In your reply, write out the records exactly, each line intact.
(Beginning of Supplied records)
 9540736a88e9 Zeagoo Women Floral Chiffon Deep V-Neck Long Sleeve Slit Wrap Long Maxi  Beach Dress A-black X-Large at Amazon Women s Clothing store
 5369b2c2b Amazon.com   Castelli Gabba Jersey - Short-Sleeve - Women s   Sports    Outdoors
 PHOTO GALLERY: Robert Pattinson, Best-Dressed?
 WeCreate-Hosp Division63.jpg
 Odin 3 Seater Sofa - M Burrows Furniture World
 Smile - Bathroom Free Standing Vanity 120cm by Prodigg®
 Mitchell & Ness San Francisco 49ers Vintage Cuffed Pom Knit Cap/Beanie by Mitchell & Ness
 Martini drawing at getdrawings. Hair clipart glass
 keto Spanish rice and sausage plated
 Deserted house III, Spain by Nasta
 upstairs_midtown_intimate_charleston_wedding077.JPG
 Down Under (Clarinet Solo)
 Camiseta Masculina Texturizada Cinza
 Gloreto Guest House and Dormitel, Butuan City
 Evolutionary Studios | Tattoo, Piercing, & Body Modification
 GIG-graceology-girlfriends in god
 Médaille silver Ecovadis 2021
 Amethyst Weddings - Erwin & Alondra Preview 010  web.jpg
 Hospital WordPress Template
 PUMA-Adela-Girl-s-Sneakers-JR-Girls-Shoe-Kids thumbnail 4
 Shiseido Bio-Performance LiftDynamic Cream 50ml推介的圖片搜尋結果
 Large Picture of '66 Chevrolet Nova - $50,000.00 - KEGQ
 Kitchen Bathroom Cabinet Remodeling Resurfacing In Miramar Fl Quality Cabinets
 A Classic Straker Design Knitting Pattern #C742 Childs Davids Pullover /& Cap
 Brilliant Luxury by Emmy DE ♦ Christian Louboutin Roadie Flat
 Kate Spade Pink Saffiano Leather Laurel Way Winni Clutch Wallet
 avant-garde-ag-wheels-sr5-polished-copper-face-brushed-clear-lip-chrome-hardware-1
(End of Supplied records)
Response to the exercise
 9540736a88e9 Zeagoo Women Floral Chiffon Deep V-Neck Long Sleeve Slit Wrap Long Maxi  Beach Dress A-black X-Large at Amazon Women s Clothing store
 5369b2c2b Amazon.com   Castelli Gabba Jersey - Short-Sleeve - Women s   Sports    Outdoors
 PHOTO GALLERY: Robert Pattinson, Best-Dressed?
 WeCreate-Hosp Division63.jpg
 Odin 3 Seater Sofa - M Burrows Furniture World
 Smile - Bathroom Free Standing Vanity 120cm by Prodigg®
 Mitchell & Ness San Francisco 49ers Vintage Cuffed Pom Knit Cap/Beanie by Mitchell & Ness
 Martini drawing at getdrawings. Hair clipart glass
 keto Spanish rice and sausage plated
 Deserted house III, Spain by Nasta
 upstairs_midtown_intimate_charleston_wedding077.JPG
 Down Under (Clarinet Solo)
 Camiseta Masculina Texturizada Cinza
 Gloreto Guest House and Dormitel, Butuan City
 Evolutionary Studios | Tattoo, Piercing, & Body Modification
 GIG-graceology-girlfriends in god
 Médaille silver Ecovadis 2021
 Amethyst Weddings - Erwin & Alondra Preview 010  web.jpg
 Hospital WordPress Template
 PUMA-Adela-Girl-s-Sneakers-JR-Girls-Shoe-Kids thumbnail 4
 Shiseido Bio-Performance LiftDynamic Cream 50ml推介的圖片搜尋結果
 Large Picture of '66 Chevrolet Nova - $50,000.00 - KEGQ
 Kitchen Bathroom Cabinet Remodeling Resurfacing In Miramar Fl Quality Cabinets
 A Classic Straker Design Knitting Pattern #C742 Childs Davids Pullover /& Cap
 Brilliant Luxury by Emmy DE ♦ Christian Louboutin Roadie Flat
 Kate Spade Pink Saffiano Leather Laurel Way Winni Clutch Wallet
 avant-garde-ag-wheels-sr5-polished-copper-face-brushed-clear-lip-chrome-hardware-1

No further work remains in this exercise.